The copy you give must match the listing below exactly and contain no pictures.

Data extract.
┏━━

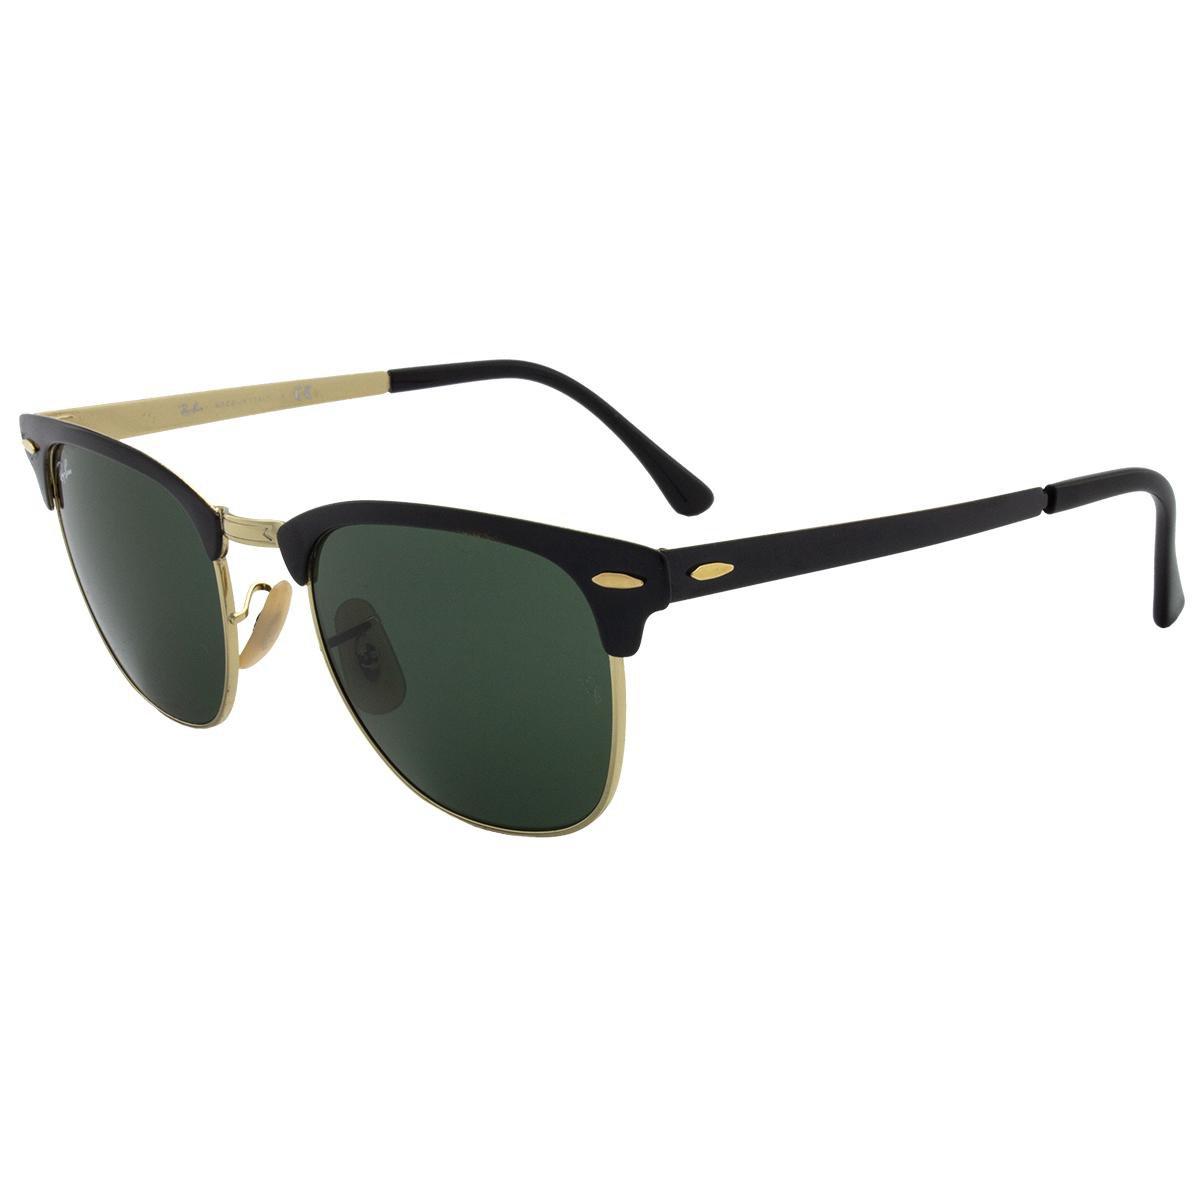 f9679e98b0f24 Óculos de Sol Ray-Ban Clubmaster Metal RB3716 - 187 51 - Compre ...
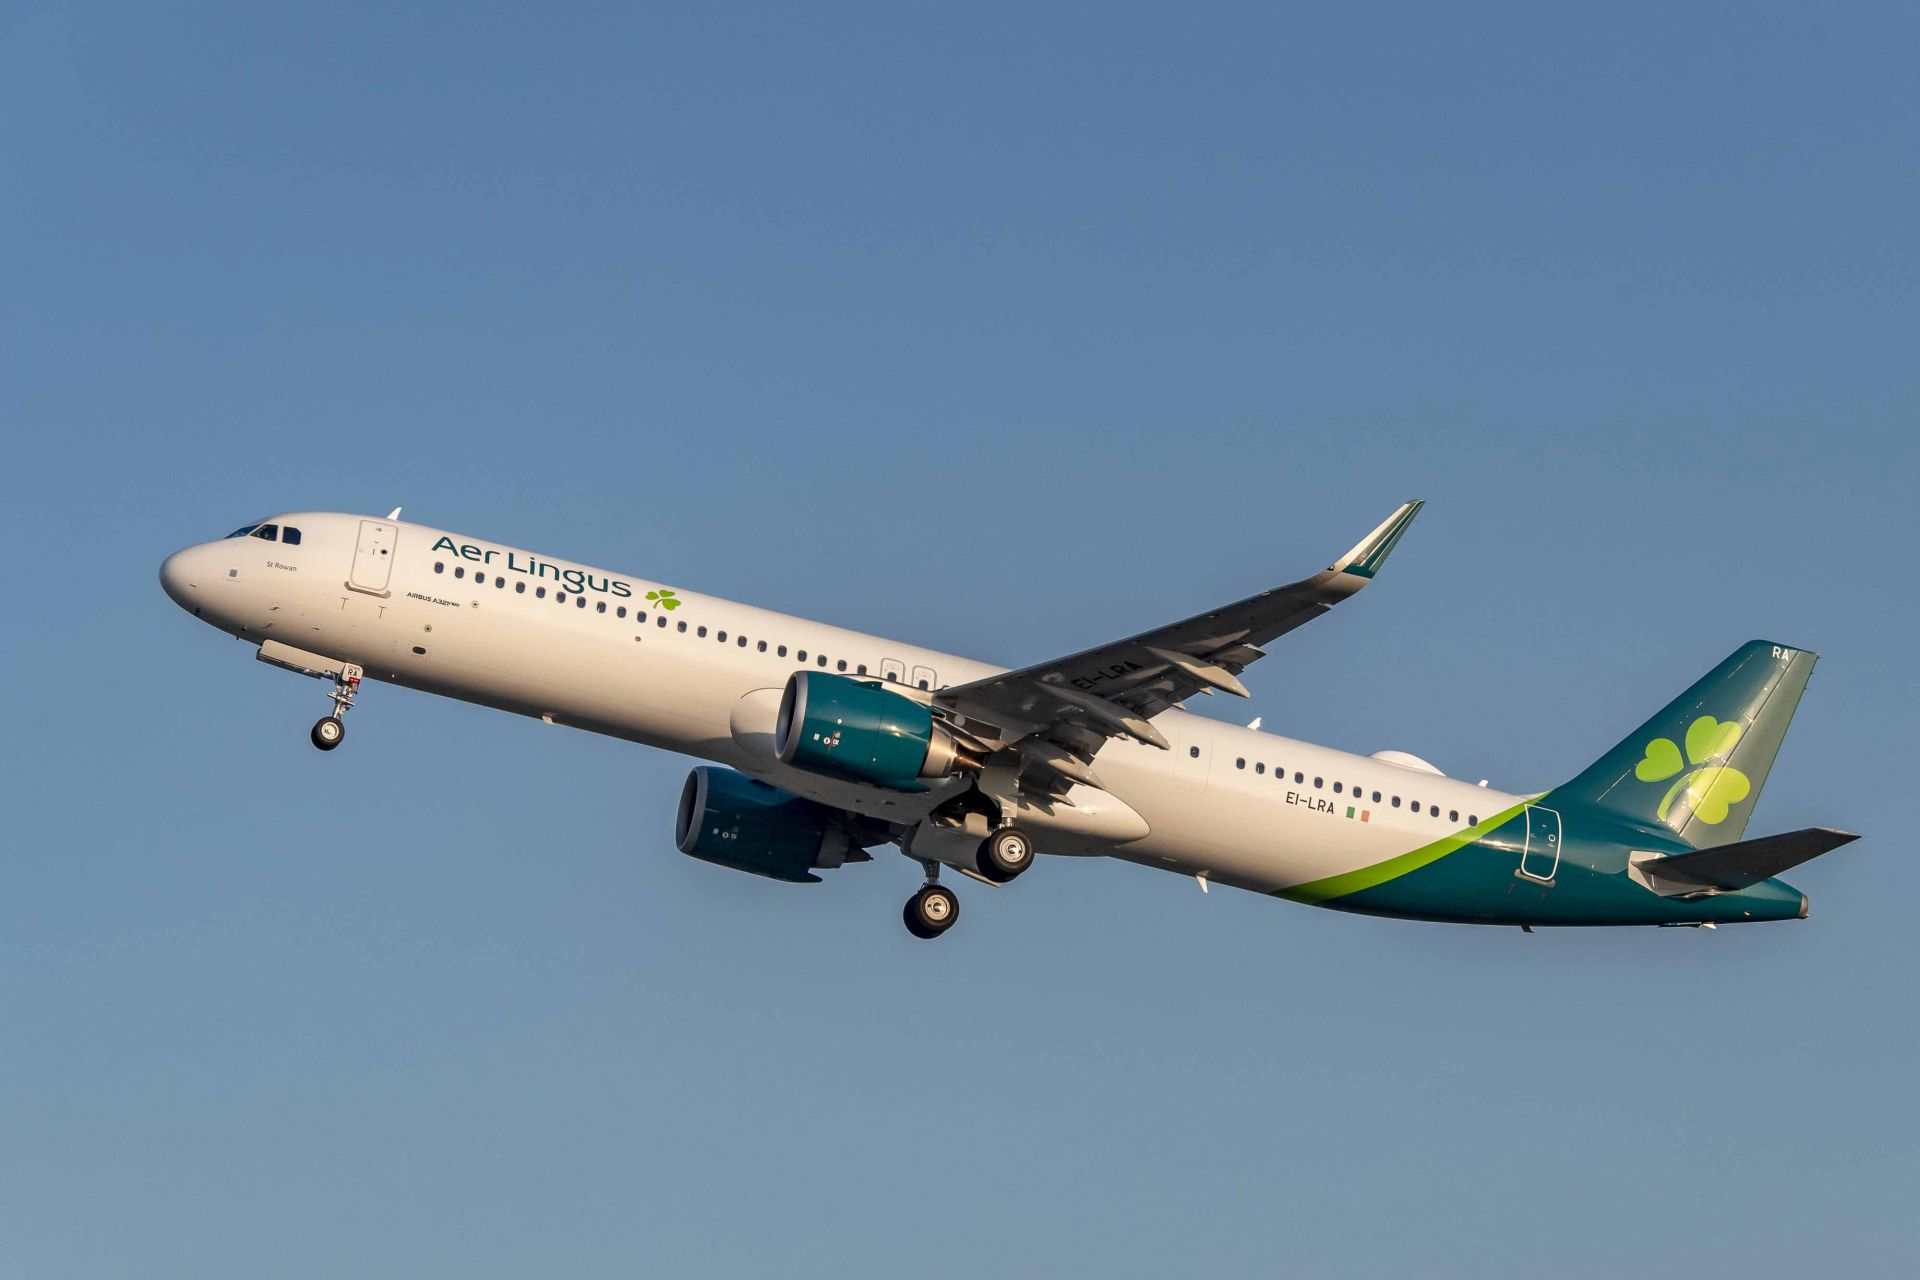 A321LR společnosti Aer Lingus. Foto: Airbus
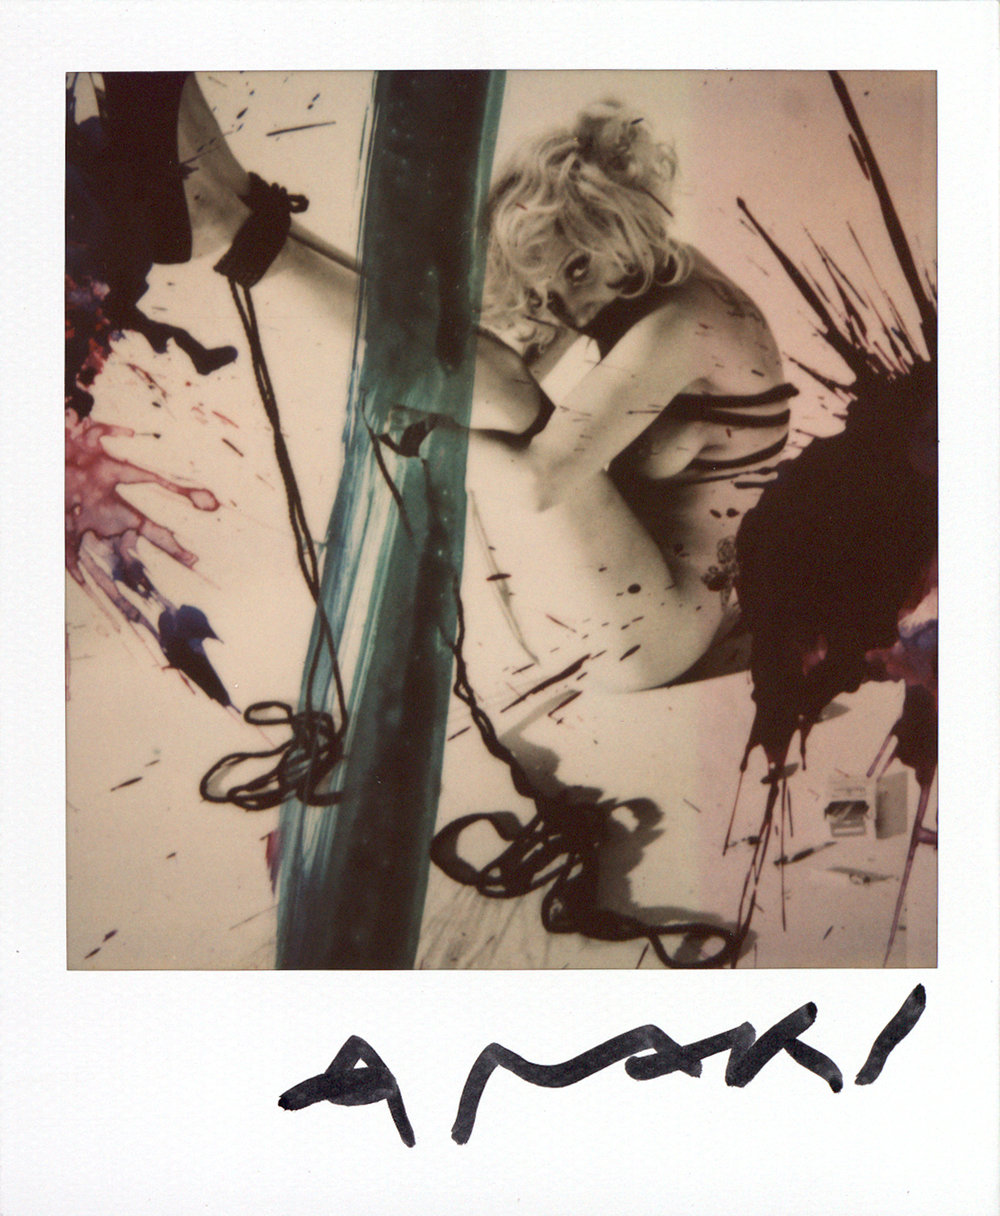 Nobuyoshi Araki  Lady Gaga  2009  Polaroid SX-70  © Nobuyoshi Araki, Courtesy Fotosammlung OstLicht
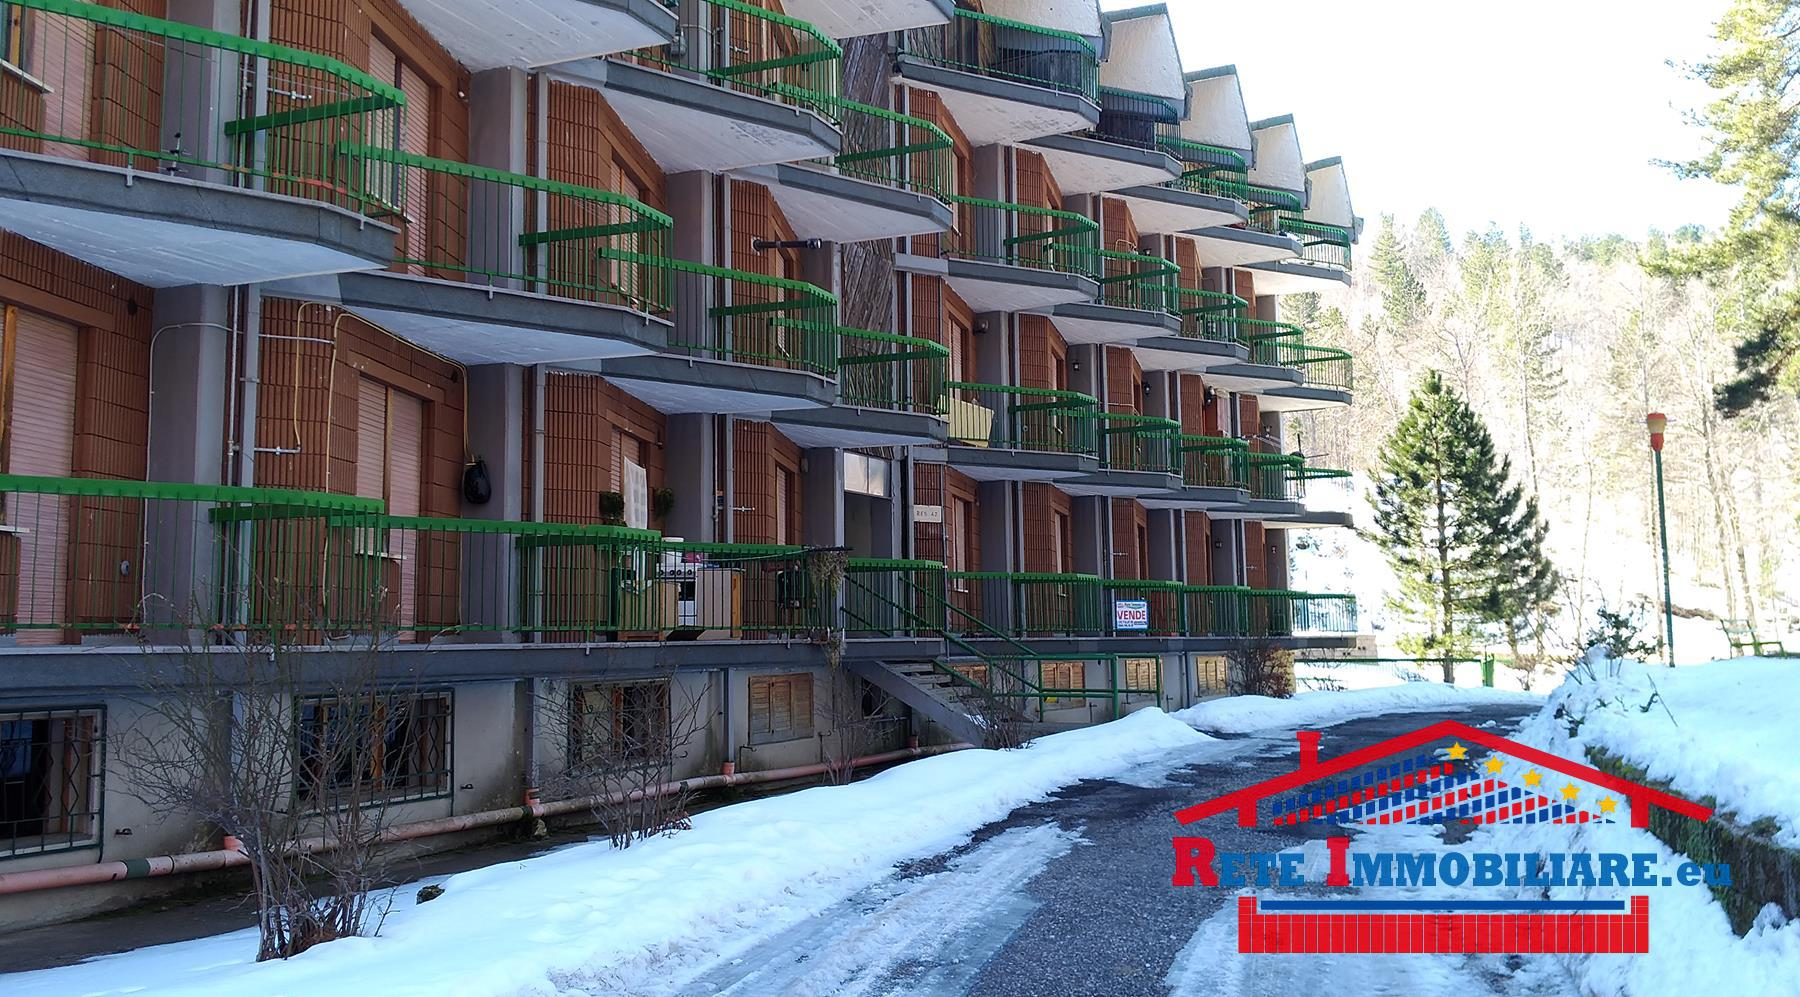 Vendesi appartamento a villaggio palumbo for Villaggio palumbo

┗━━

Response to this exercise.
 f9679e98b0f24 Óculos de Sol Ray-Ban Clubmaster Metal RB3716 - 187 51 - Compre ...
 A321LR společnosti Aer Lingus. Foto: Airbus
 Nobuyoshi Araki  Lady Gaga  2009  Polaroid SX-70  © Nobuyoshi Araki, Courtesy Fotosammlung OstLicht
 Vendesi appartamento a villaggio palumbo for Villaggio palumbo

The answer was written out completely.